"The tears we've shed while wandering this long, long time are greater than the water in the four great oceans.”
I find one of the biggest challenges about writing a new vocal piece is deciding what text(s) to set, if it’s not immediately clear from the outset. It's made even trickier if the main idea for the piece comes first and then texts are needed to bring it to life. This was the case for my recent piece for The Hermes Experiment, called Saṃsāra, premiering at Cafe OTO later this month.
‘Saṃsāra' is a Sanskrit word used in Buddhism, Hinduism, Sikhism and Jainism to describe how the human soul wanders through endless cycles of birth and rebirth, transmigration and reincarnation, before it eventually achieves enlightenment. According to these religions, we are all in a state of saṃsāra: we have been here many times before, and will be back many times again, on a never-ending journey of rebirth, life and death. The subject fascinates me both for its profound and spiritual dimension but also for its connection to the mundane: the seemingly endless cycles and patterns of behaviour we drift in and out of in our everyday lives, sometimes against our better judgement.
On my quest for suitable texts to set, I turned to religious scriptures that discuss the notion of saṃsāra. I discovered many beautiful passages in Hindu and Buddhist texts, in particular the translations of The Tibetan Book of the Dead. But the problem with many of these extracts is they felt perfect just as they were; beautifully written and translated to be spoken or read, not set to music. During the search, I also came across some particularly inspiring translations of Buddhist texts by Ṭhānissaro Bhikkhu, the abbot of Metta Forest Buddhist Monastery in California, and I asked him for guidance on navigating the Buddhist canon that deals with saṃsāra.

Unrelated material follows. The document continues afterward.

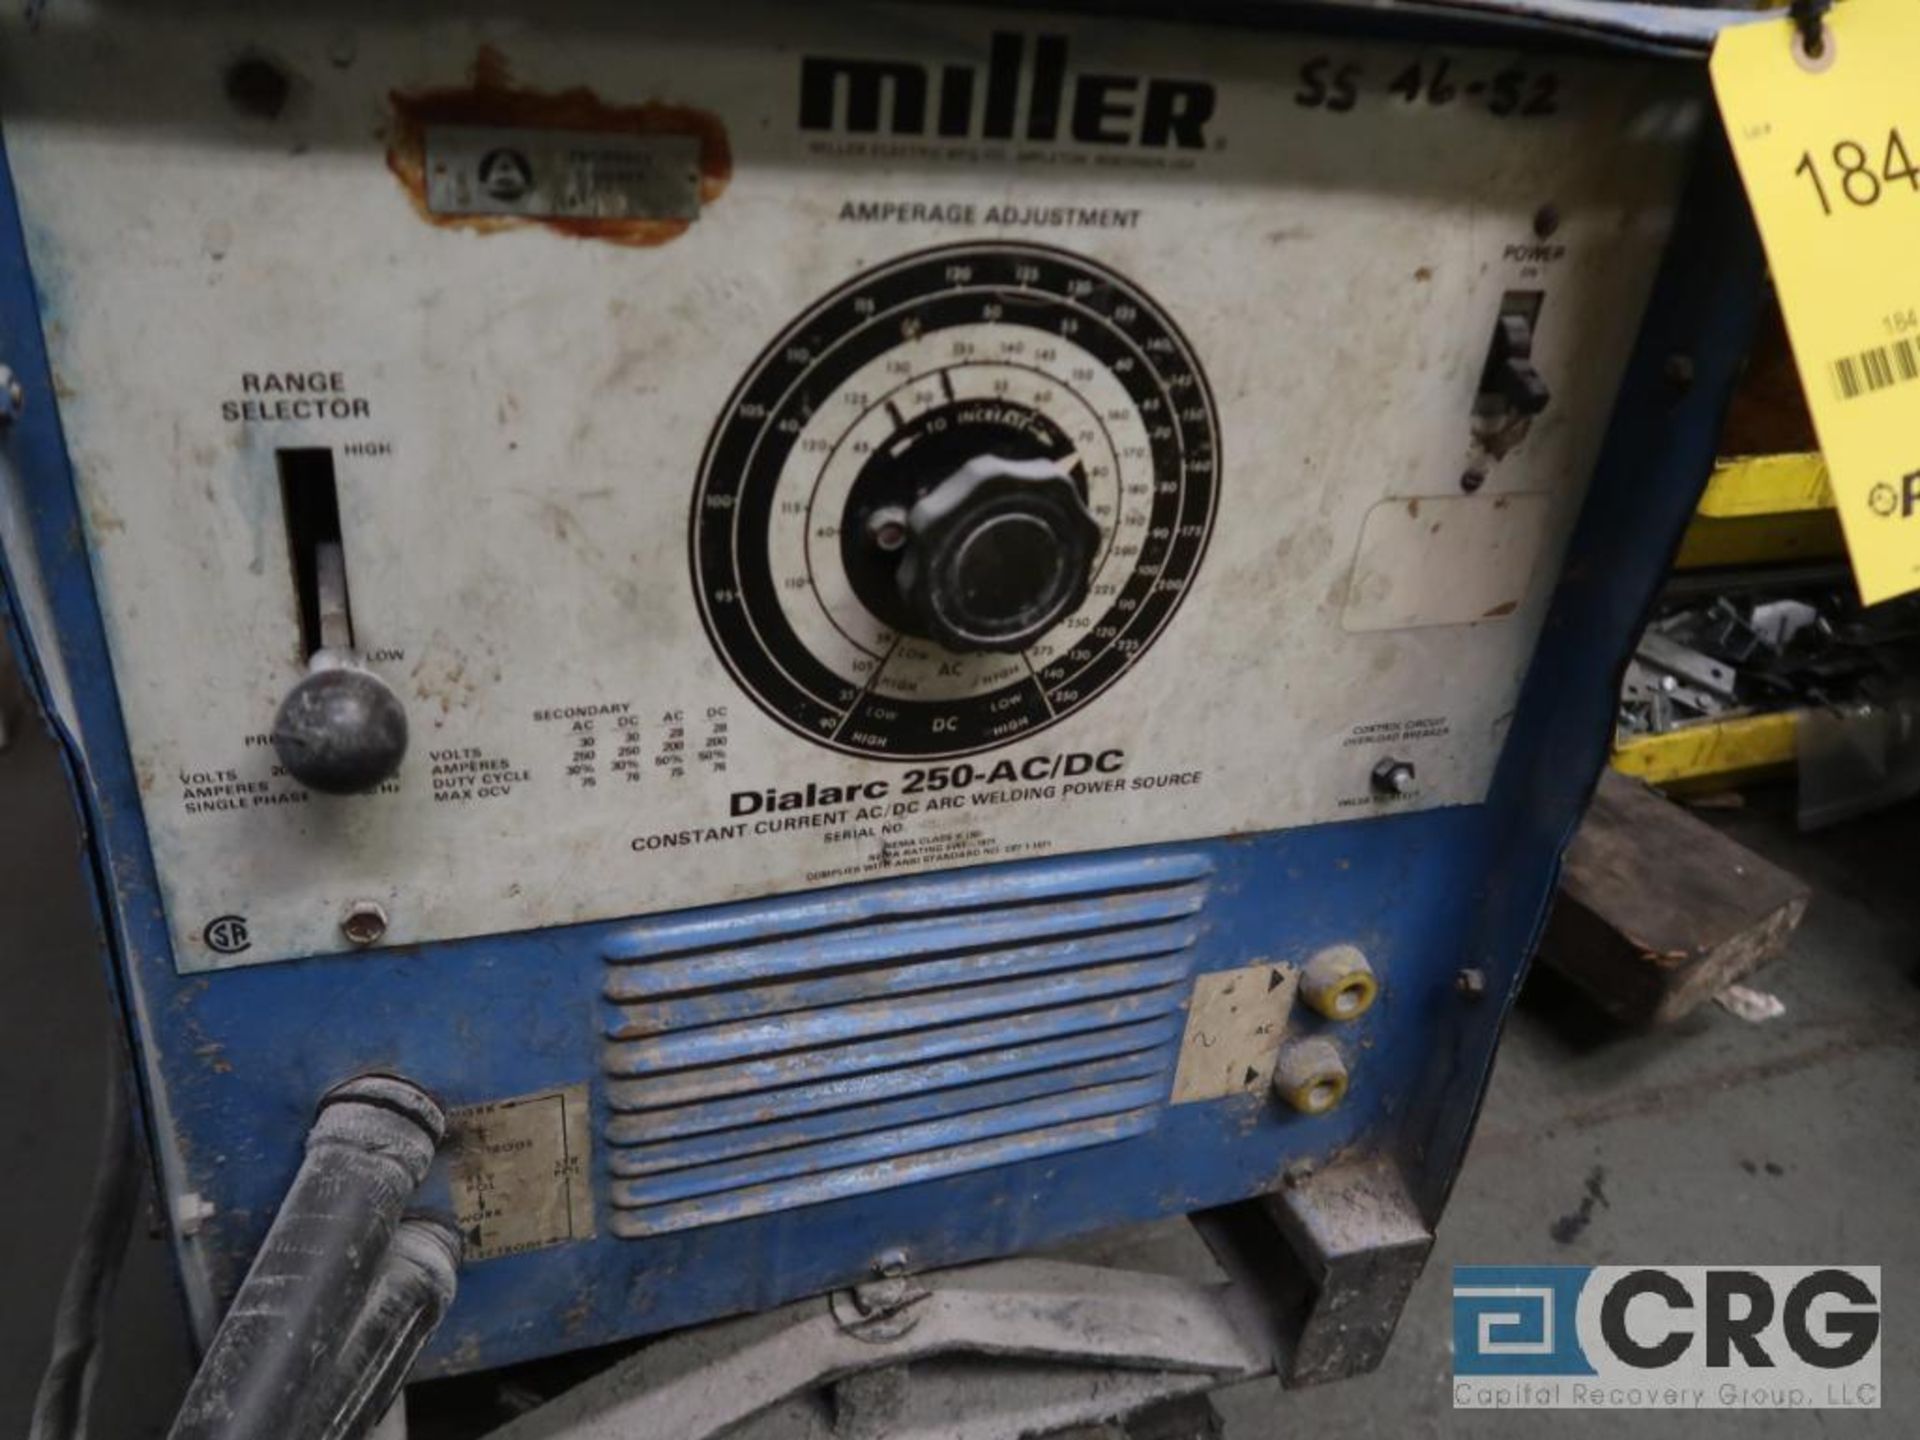 Miller Dialarc 250 CC-AC/DC arc welder, 200/230/460V, s/n S899, (mobile) (Rigging Equipment Shop) - Image 2 of 2

The only way to contact the monastery is by post or phone, which is answered during one hour a day. After exchanging a series of voice messages the abbot very kindly sent me a collection of suitable texts and translations for me to draw upon. By this point, I’d also realised that I really wanted this piece to bring something new to the exploration of saṃsāra, both in the music and in the words. So in parallel to my communications with the monastery, I’d also asked the poet Konstantinos Papacharalmpos if he would be interested in writing a new text specially for the piece.
Konstantinos and I had met a while ago and I remember being instantly struck by his playful and original approach to structure, shape and meaning. Together, we developed a loose structure for a poem that would trace one complete cycle of rebirth, life and 're-death'. Konstantinos then worked his magic, creating four contrasting worlds exploring a soul’s journey as it wanders through saṃsāra and using water as a metaphor to convey cyclicality and transience.
The final text for the piece uses three key sections of Konstantinos’s new poem (the poem is printed in full in the score), interspaced with a refrain taken from The Tipitaka - the collection of texts that form the foundations of Theravada Buddhism - that the abbot had drawn my attention to:
"Many times, have you experienced the death of a father... the death of a mother... the death of a brother... the death of a sister... the death of a son... the death of a daughter. The tears we've shed while wandering this long, long time are greater than the water in the four great oceans.”
Much of the piece is written without a definite pulse or time signature, giving it a free, wandering quality. Instead, arrows in the score indicate moments of synchronicity while other decisions about timing are left to the performers. The refrain, which is worded slightly differently each time, represents the inevitable cycles of saṃsāra. The music is underpinned with a sequence of chords that repeat over and over, but in different guises and transformations. Finally, a single crotale, a shaker and bass drum beaters for the harp strings create a ritualistic atmosphere as the music unfolds.